Monday, January 30, 2012
Dear Lord, may You show me the shape of holiness! Holiness in this place and at this time. How would a holy person live in these shoes of mine? How to pray through these seemingly hopeless situation? How dear Lord, may I see that in all things You have the pre-eminence! Today is the day for me to learn obedience. The will of the Lord is clear: submit all things to Him and He will give us peace! Lord I must learn to submit everyday! Grant me what thou will, take away what thou will, let me be delighted and courageous to accept Your will for me Lord! I must learn to let the Lord choose for me and I must receive from Him. How mundane and recurring an humble are my needs before Him, how feeble and weak needing His mercy! You meet my need through the daily and the simple and the quiet. But that is what You are, You have made Yourself known to those who would sit patiently and wait upon You! These fears that cannot be uttered into words, they have found in You the perfect expression and they have been quenched by Your greatness! How could I ever fear men or the devil if the Lord Almighty is guardingy life and my peace! Lord, I've taken myself too seriously, now is the time for me to let go and let You grant me Yourself! 1 Samuel 3:18! Let Jim do what is good in His eyes. Every second, every day! Amen!
Sunday, January 29, 2012
At the foot of the cross your burdens will go away! Today I learned that the path to harmony with God is to accept His will for me at each moment of my life! God's will for me at this time in my life is singleness and I must accept it gladly. One day he would exchange it for the gift of marriage if it's best for me then! I thank God for the chance to stay with these 2 wonderful girls and having time for people in my life. This is a gift from Him and it's His will for me now.
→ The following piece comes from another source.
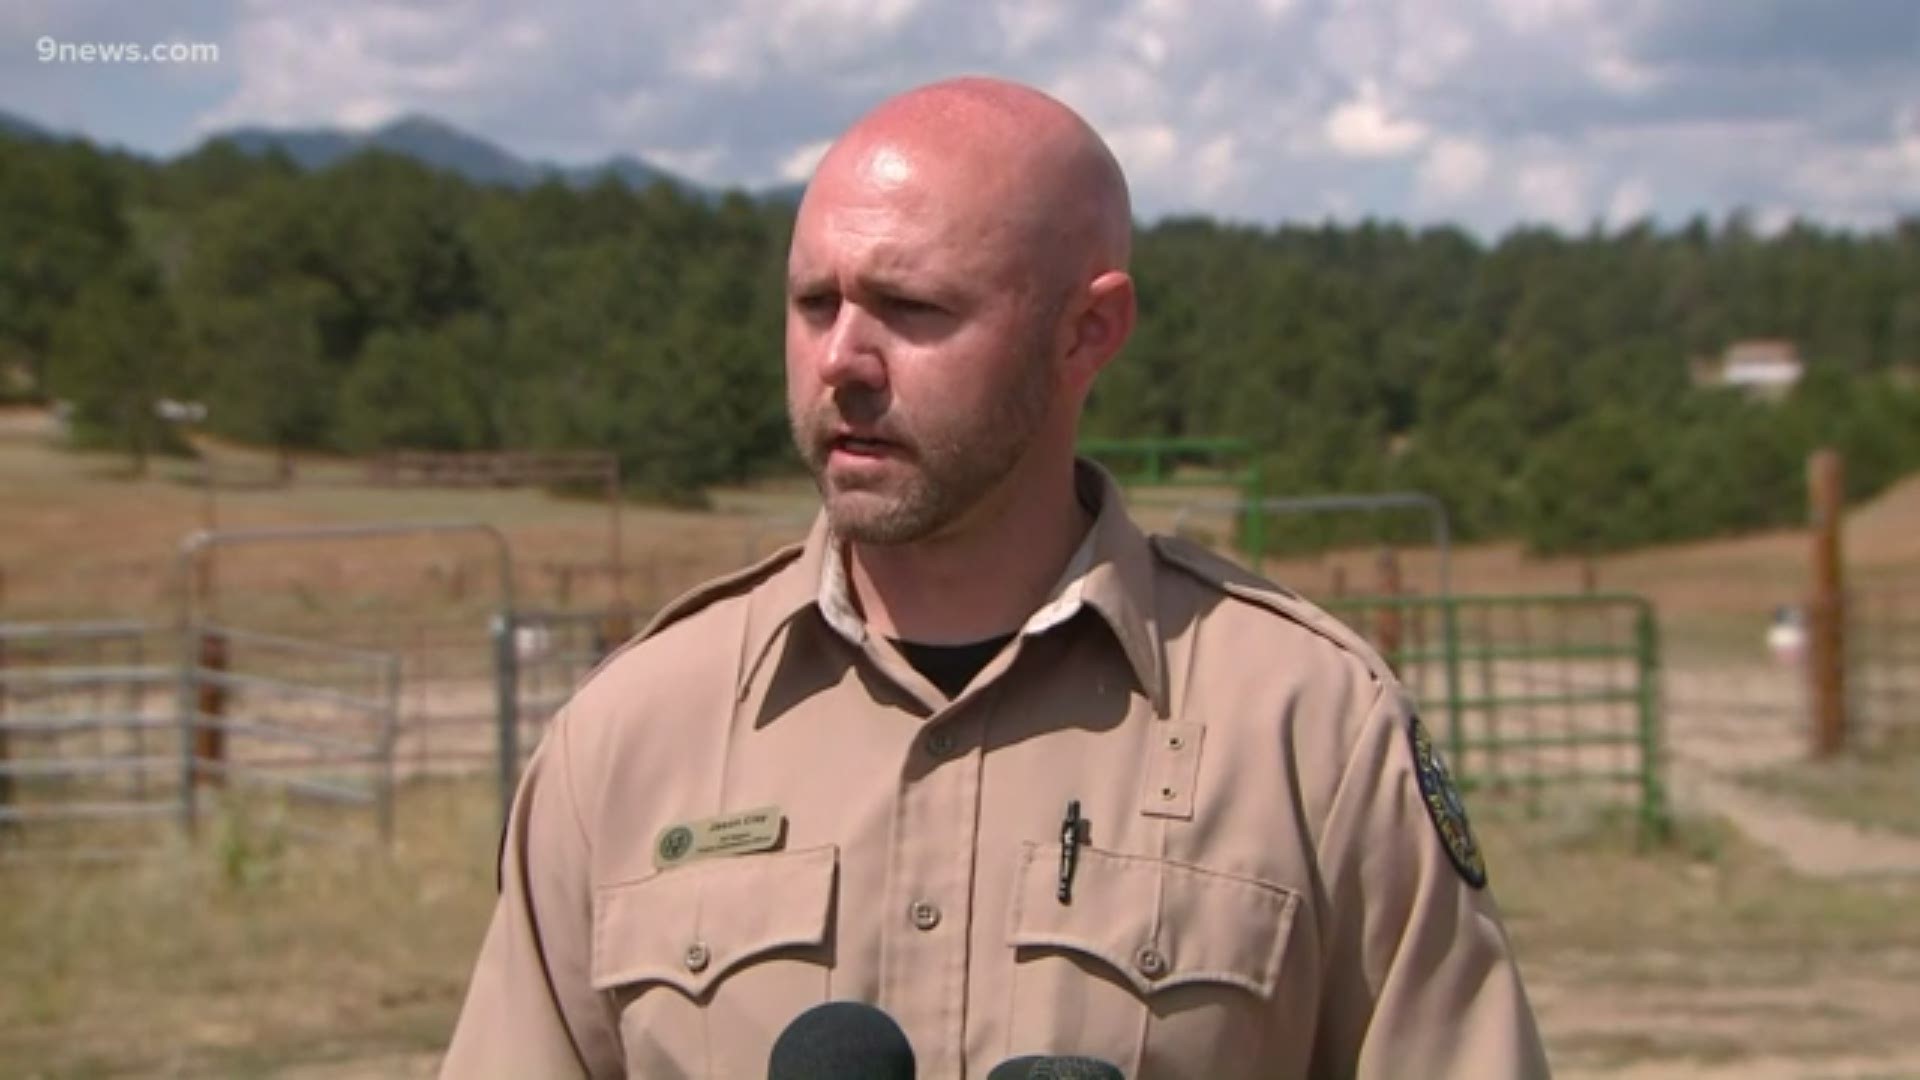 CPW spokesperson Jason Clay provides an update about an 8-year-old boy that was attacked by a mountain lion in Bailey Wednesday night.

Saturday, January 28, 2012
I have gotten myself an iPhone and I will be able to blog much more frequently now, especially when traveling. It's been a novel idea to me for the longest time! Now what stands between me and blogging on the go is
my tapping skills which has got to improve before I grow bored of this! Really hope to be able to update about life and people a lot more than I did the past one year
! Those who came to this site looking for some news of me and spiritual sharing must have been disappointed:(. My apologies to all of you out there!
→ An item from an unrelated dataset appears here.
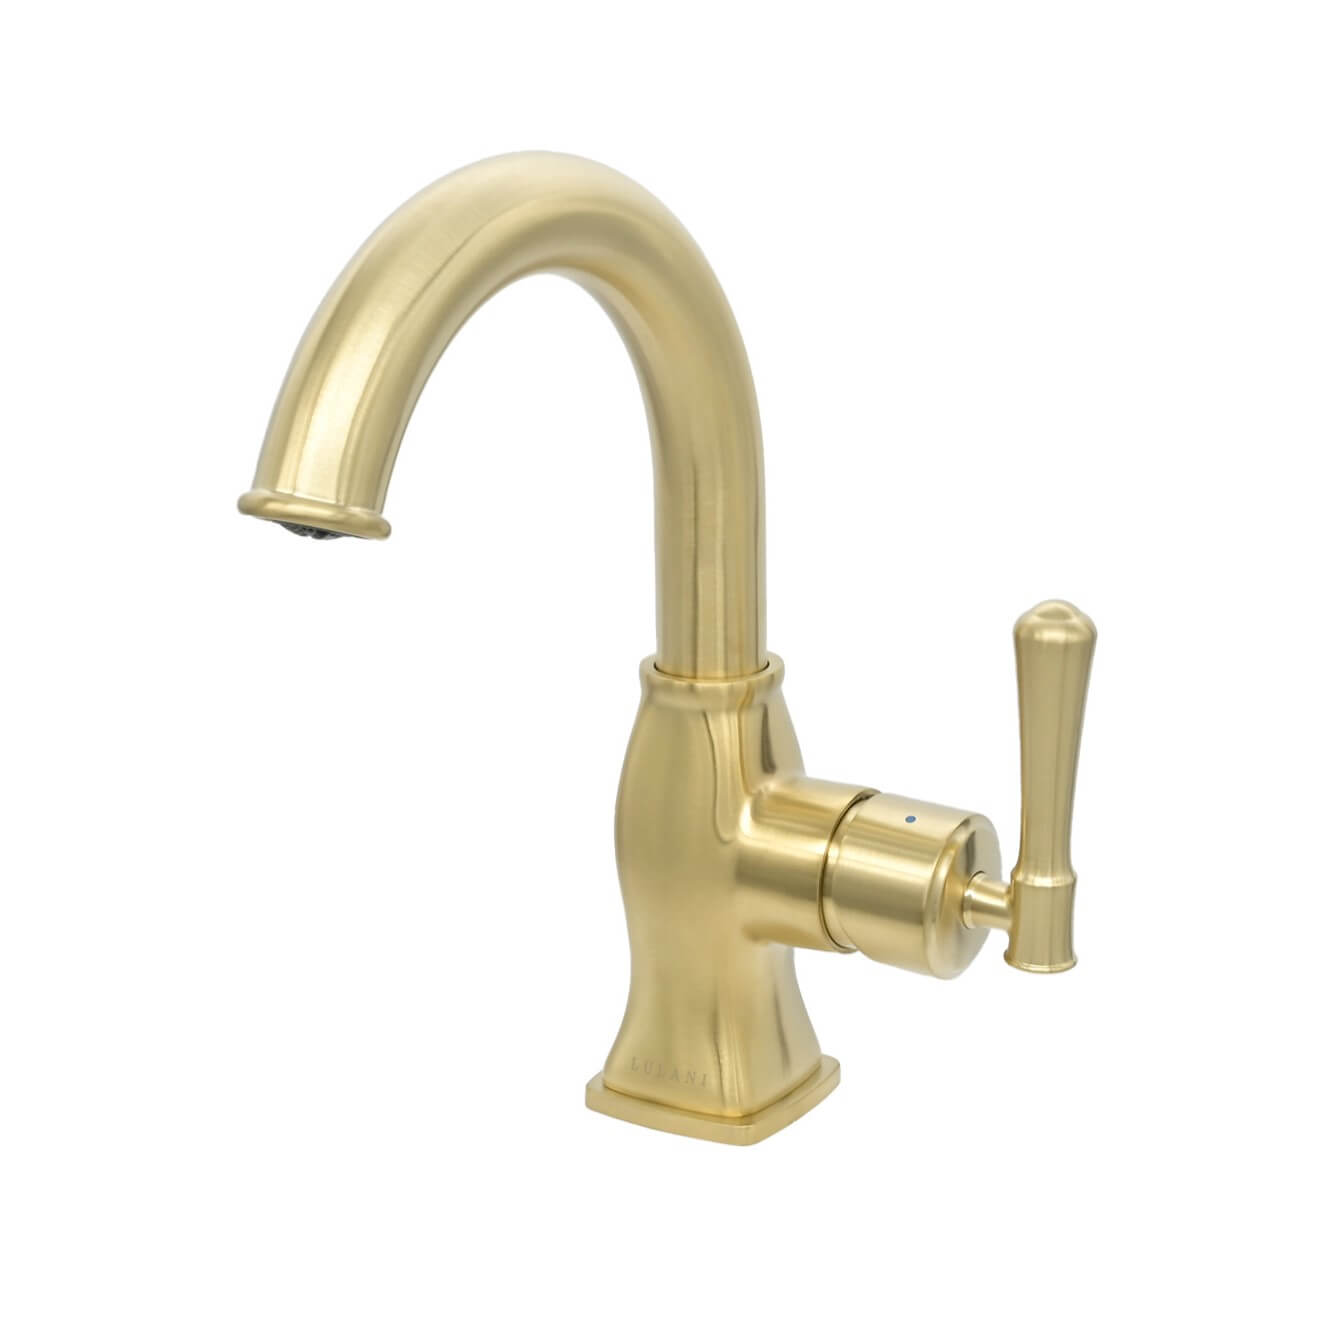 Aurora 1 Handle Single Hole Brass Bathroom Faucet with drain assembly

I am now in the full time ministry and God is keeping me close to Him. Denis is great too, still figuring out God's plan for his life! We are waiting for a about 3 more years before that whatchucallit bliss. I am happy with everything and certainly in very good spirit these days:). I would like to share the wonderful stuff I've been listening to, audio sermons by Elisabeth Elliot! Isn't that amazing?
Till I have more time to type longer updates, peace and rest be with every one!